It is thought that the model, devised by researchers from the State University of New York at Buffalo (UB), could support the assessment of long-term chronic drug therapies and help clinicians develop more effective treatments for complex diseases.
Described in the Journal of Pharmacokinetics and Pharmacodynamics, the model assesses measurable biological processes such as cholesterol levels, body mass index, glucose and blood pressure to calculate health status and disease risks across a patient’s lifespan.
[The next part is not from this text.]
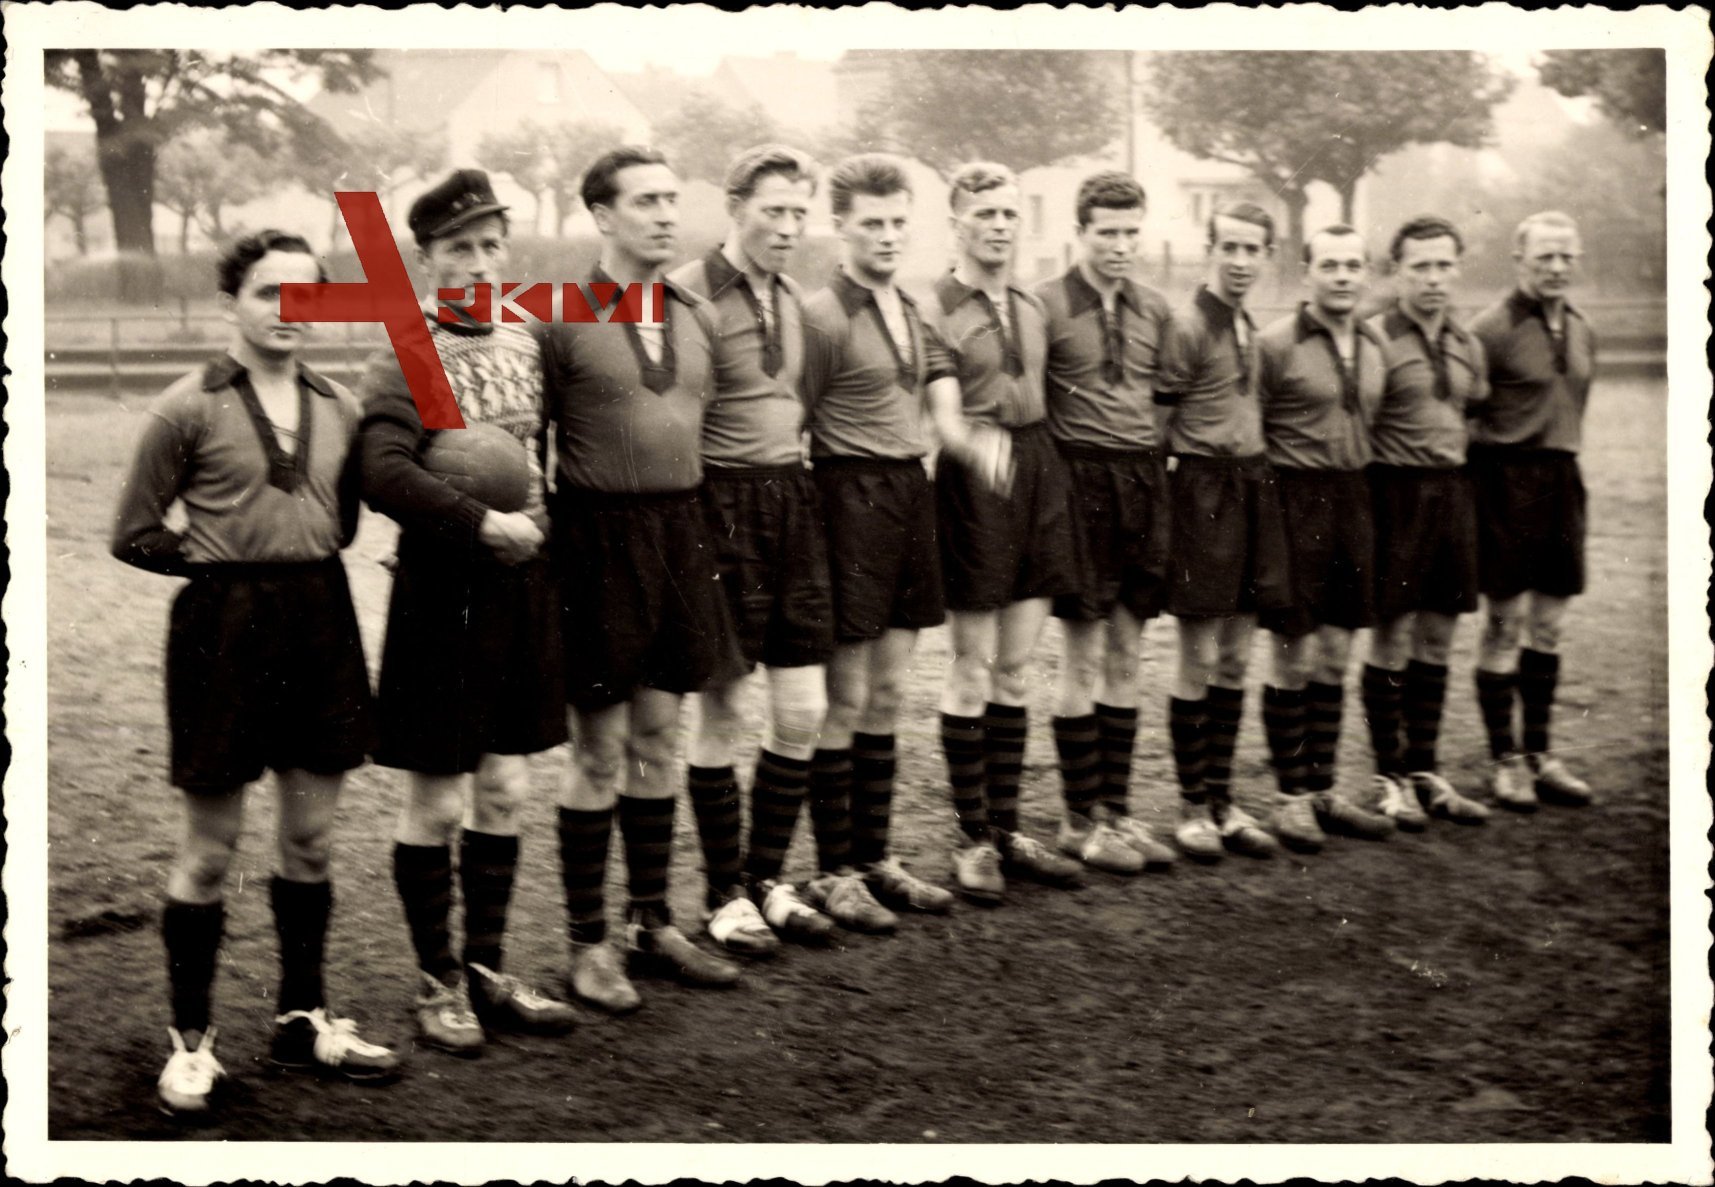 Gruppenfoto einer Fußballmannschaft, Trikots, Sporthosen

“There is an unmet need for scalable approaches that can provide guidance for pharmaceutical care across the lifespan in the presence of ageing and chronic co-morbidities,” said lead author Professor Murali Ramanathan, from the UB School of Pharmacy and Pharmaceutical Sciences. “This knowledge gap may be potentially bridged by innovative disease progression modelling.”
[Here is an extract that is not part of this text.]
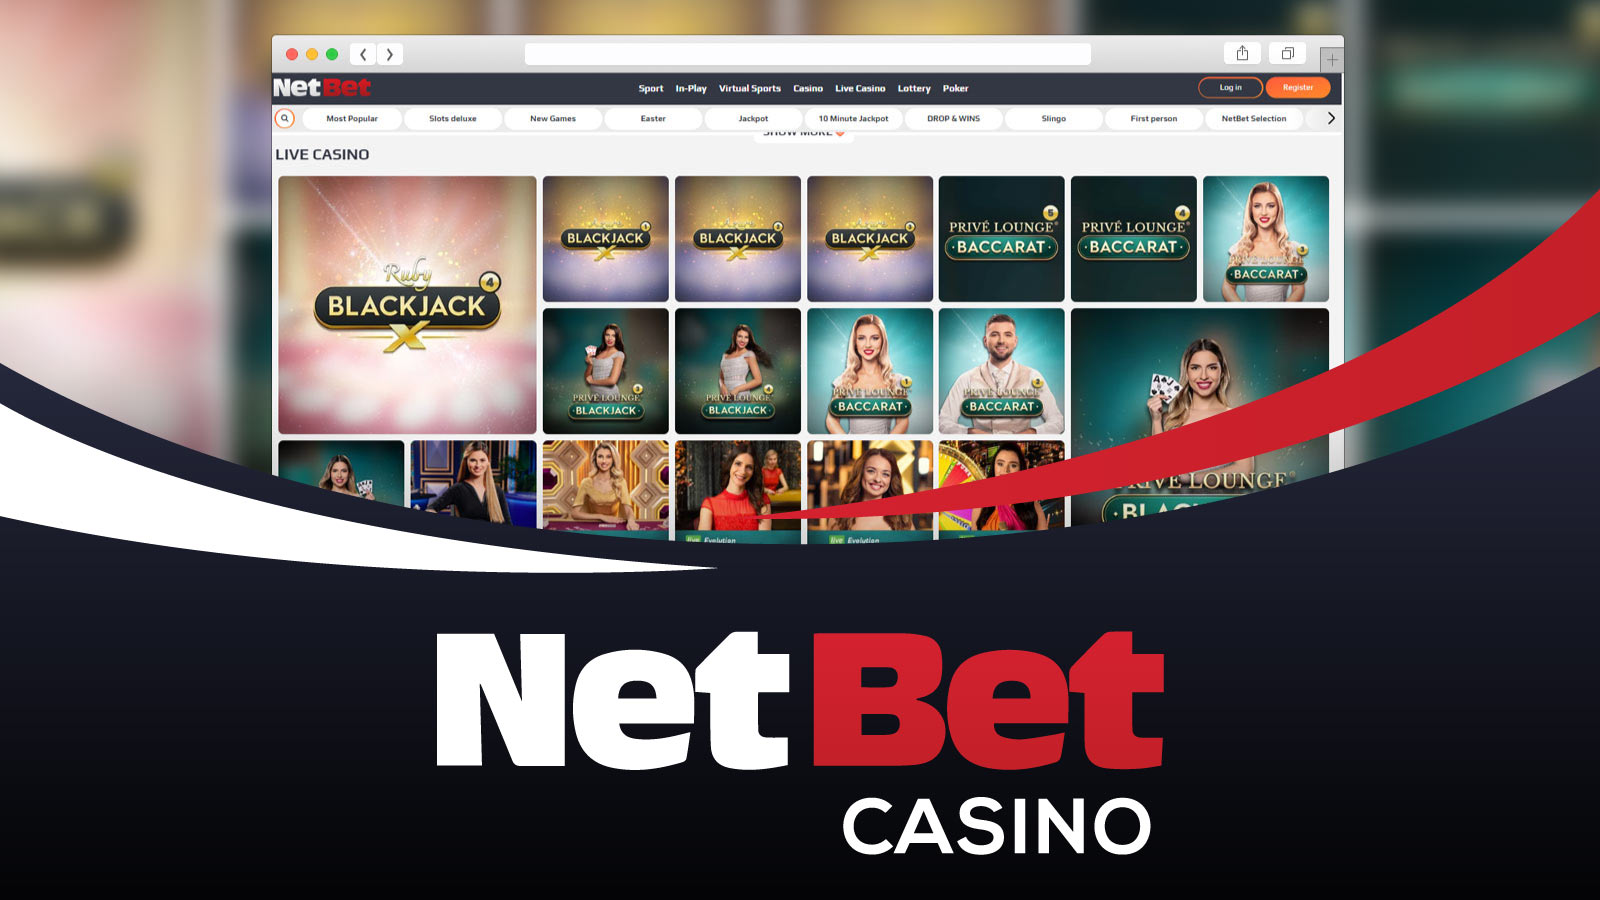 NetBet Casino Better for Live Dealer Games and Welcome Bonus

The research was underpinned by data from three case studies within the third National Health and Nutrition Examination Survey (NHANES) that assessed the metabolic and cardiovascular biomarkers of nearly 40,000 people in the United States. The team examined seven metabolic biomarkers (body mass index, waist-to-hip ratio, total cholesterol, high-density lipoprotein cholesterol, triglycerides, glucose and glycohemoglobin) whilst the cardiovascular biomarkers examined included systolic and diastolic blood pressure, pulse rate and homocysteine.
By analysing changes in metabolic and cardiovascular biomarkers, the model “learns” how aging affects these measurements. With machine learning, the system uses a memory of previous biomarker levels to predict future measurements, which ultimately reveal how metabolic and cardiovascular diseases progress over time.
The model could facilitate the assessment of long-term chronic drug therapies, and help clinicians monitor treatment responses for conditions such as diabetes, high cholesterol and high blood pressure, which become more frequent with age, said Ramanathan.